Being in the "blog world", I've started to notice that pretty much every blog written by a woman, has a link to her and her beau's love story. The creeper inside me loves this, because if I find a blog I like, I always like it more when I can get to know the writer more intimately. And the curious side of me loves this, because I get to wander through the world of "other people's relationships" and study what makes other relationships tick.
In a love story I read recently, the writer said she loved her husband because he wasn't perfect for her. She said she'd had perfect before, and she couldn't handle it. She needed to work at a relationship, and if it's perfect, there's no work. I found that so interesting, because one of the things that I love most about Bill and I, is that he is perfect for me.  Could I probably be OK in a relationship with someone who wasn't perfect for me? Sure. Could I maybe even be happy, if in this hypothetical life I had never met Bill? Probably. But the way I see it, there is enough mediocre shit in this world, love shouldn't be one part of it. I don't want to be OK, I want to live my life with my best friend, my soulmate, and the love of my life, who is perfect for me, regardless of how imperfect of a person he is.
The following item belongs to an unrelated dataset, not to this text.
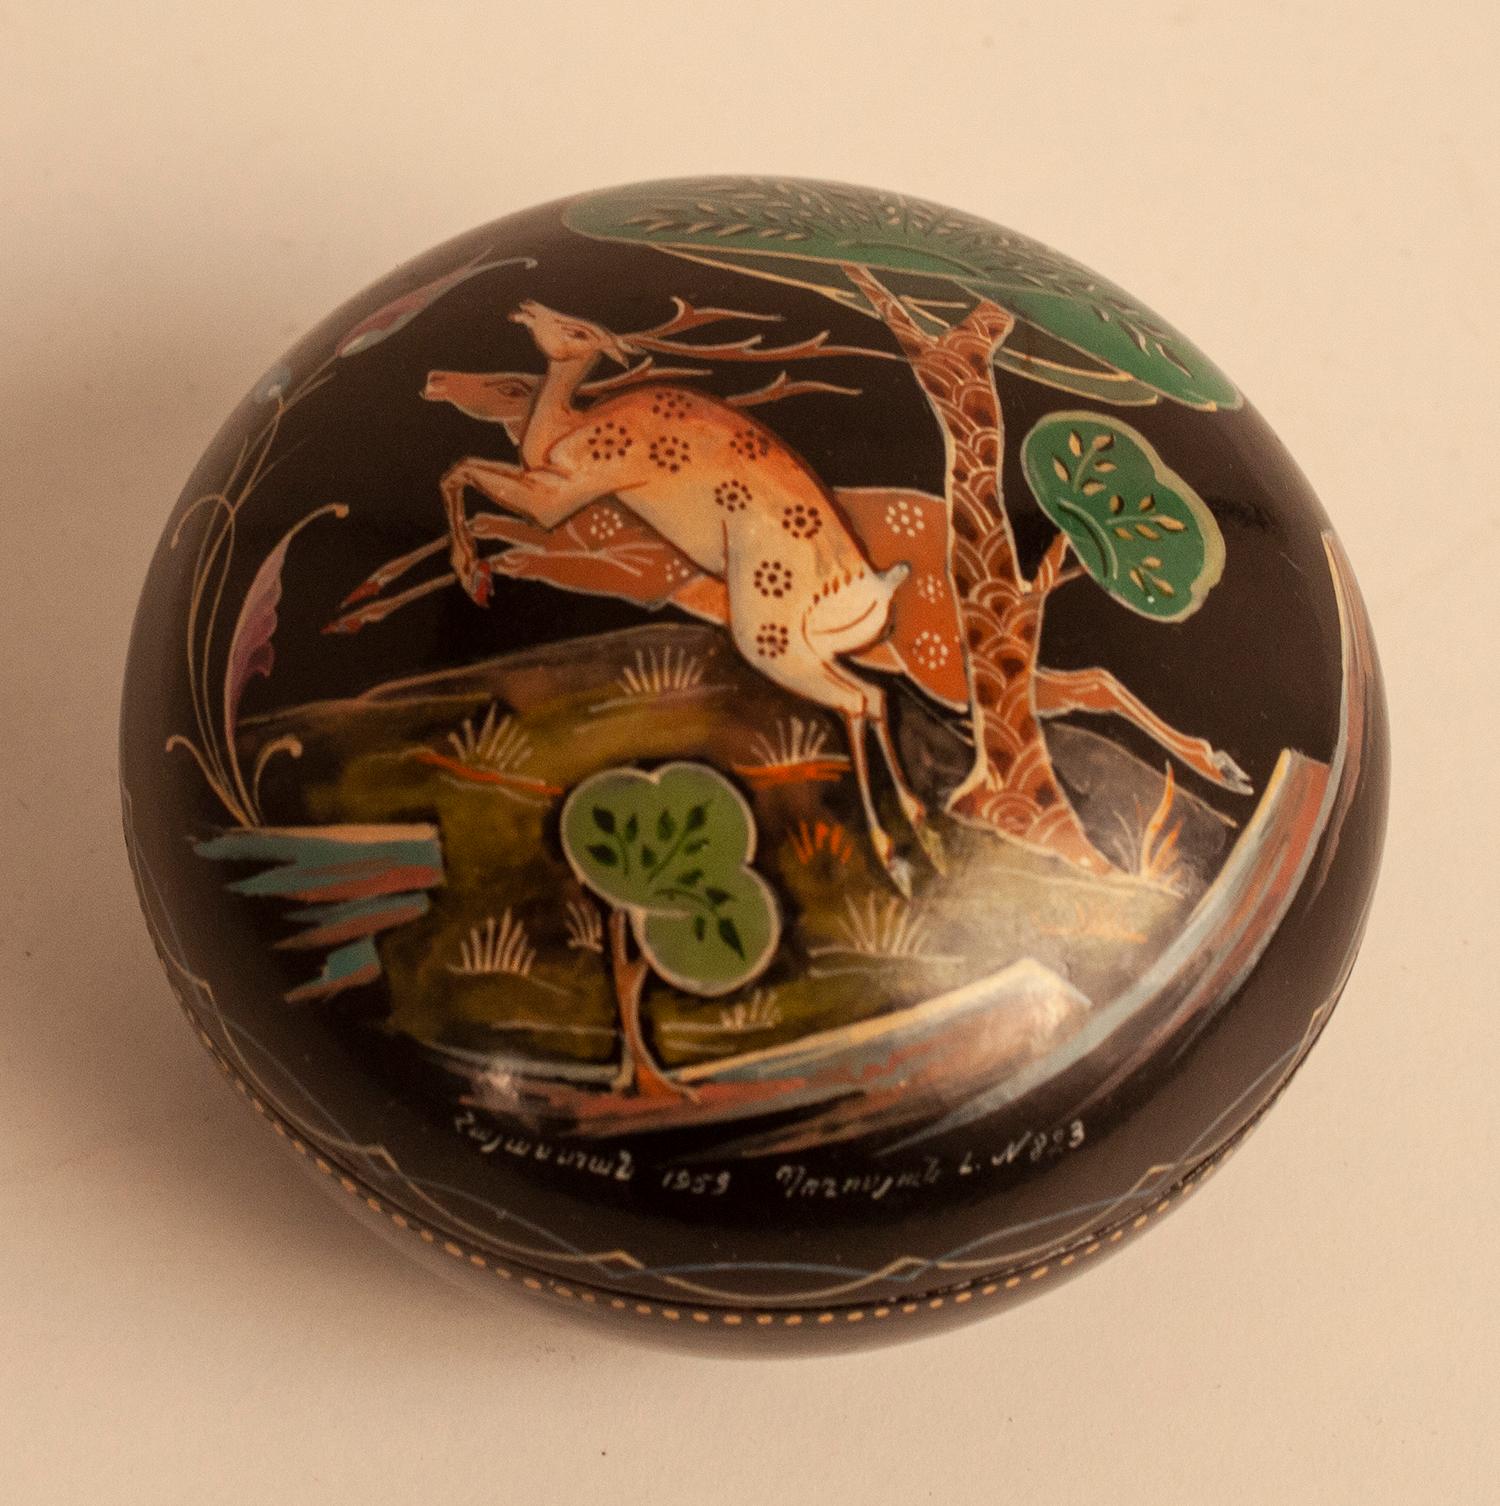 This is a very finely hand painted lidded lacquered box made in Russia, fully signed and dated 1959 which we attribute to the Palekh region workshop.
  

And now I have everything I could have ever asked for, and more.
I have a boyfriend who continually surprises me, even in small ways, with sweet gestures or kind words, or weekend trips, or unexpected adventures. I have a boyfriend who surprises me by always having more layers of himself for me to discover, explore and learn about, and then fall in love with. I have a boyfriend who calls me on my shit, even when I don't want him to, because I need him to, and he gets that. He says things that are true, even if it doesn't feel good to say it or for me to hear it, because he tries to communicate openly with me, which is something I desperately need in my relationships. I have a boyfriend who works hard, and tries hard, and puts everyone else first, and makes the best plans for the future.
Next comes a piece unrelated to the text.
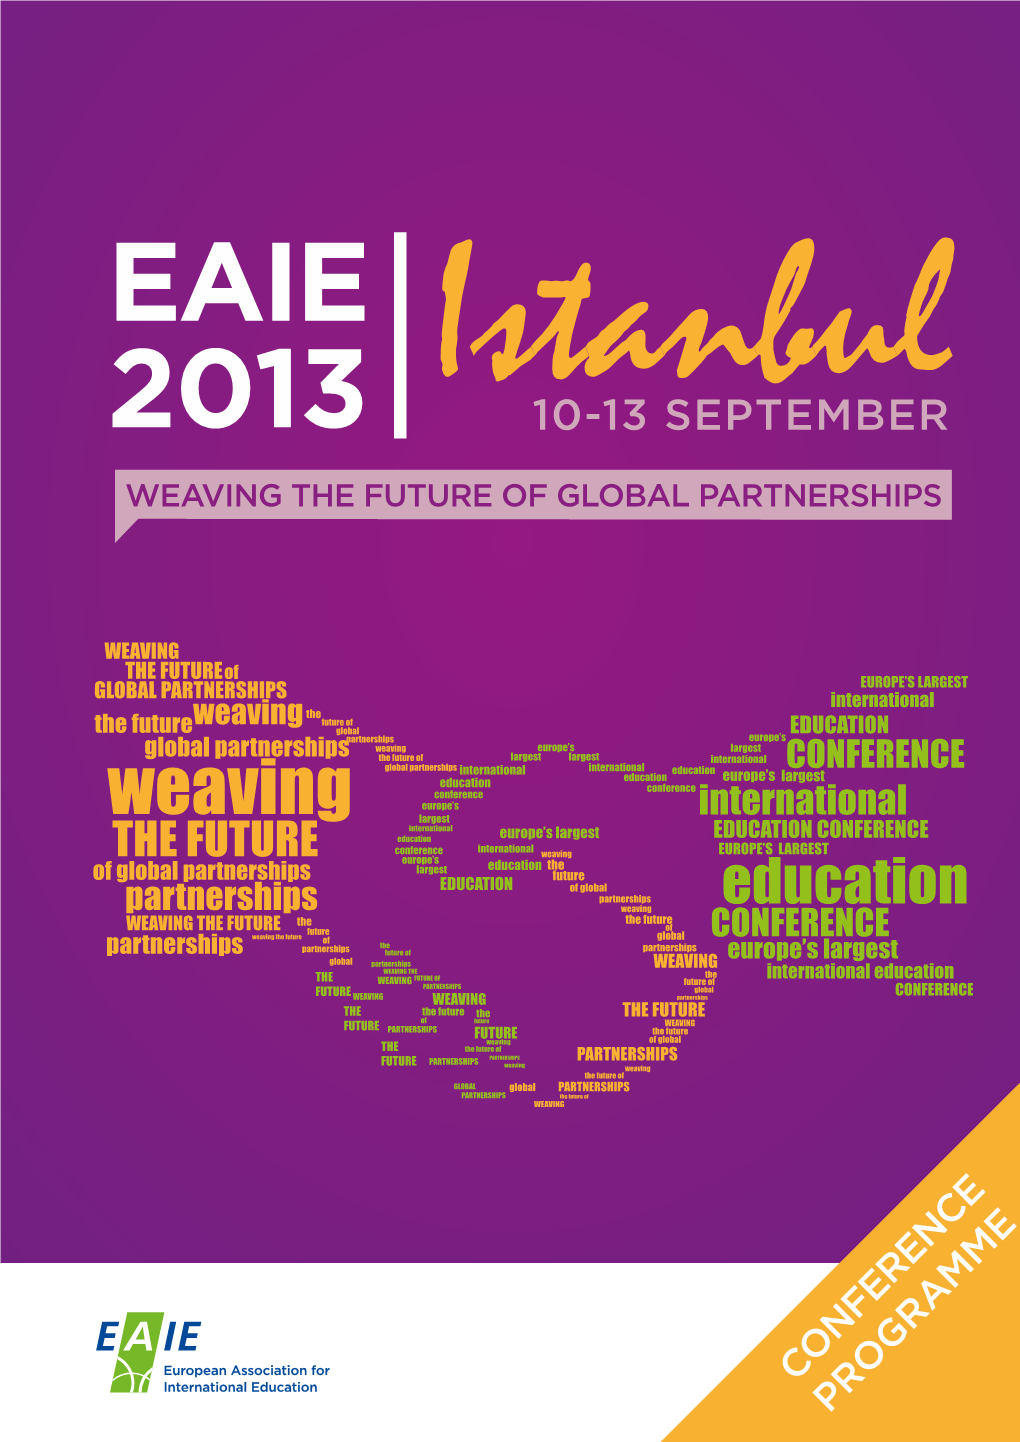 Conference Programme EAIE ISTANBUL 2013 02 Welcome

He is perfect for me, but he's not perfect, if that makes sense, and that is what I need. I can't handle being around perfect people. They intimidate me. Bill is flawed, and he's pretty open about that. But for me, he loves me just right, and gets me so well, and gives me so much to look forward to and be thankful about.

I'm not saying it isn't ever hard, of course it's hard! But it's what I've been waiting for since I first ventured into the world of intimate relationships with men.

It's so interesting to me that two people can work so well together, for any number of reasons, but paired up with someone else, it just doesn't work.
I know a couple who has the "never go to bed angry policy" and that works for them. I know a couple who has a "always go to bed angry, sleep it off and apologize over breakfast" policy, and that works for them.

Bill and I are still learning what works for us, but I'm sure it's very different than other couples. At the end of the day, it all comes down to love though, doesn't it? The ties that bond, and the blissful feeling of connecting with another human being in just the right way, in the midst of all the busy, crazy, lonely noise of this big small world.
Isn't that what this life is all about?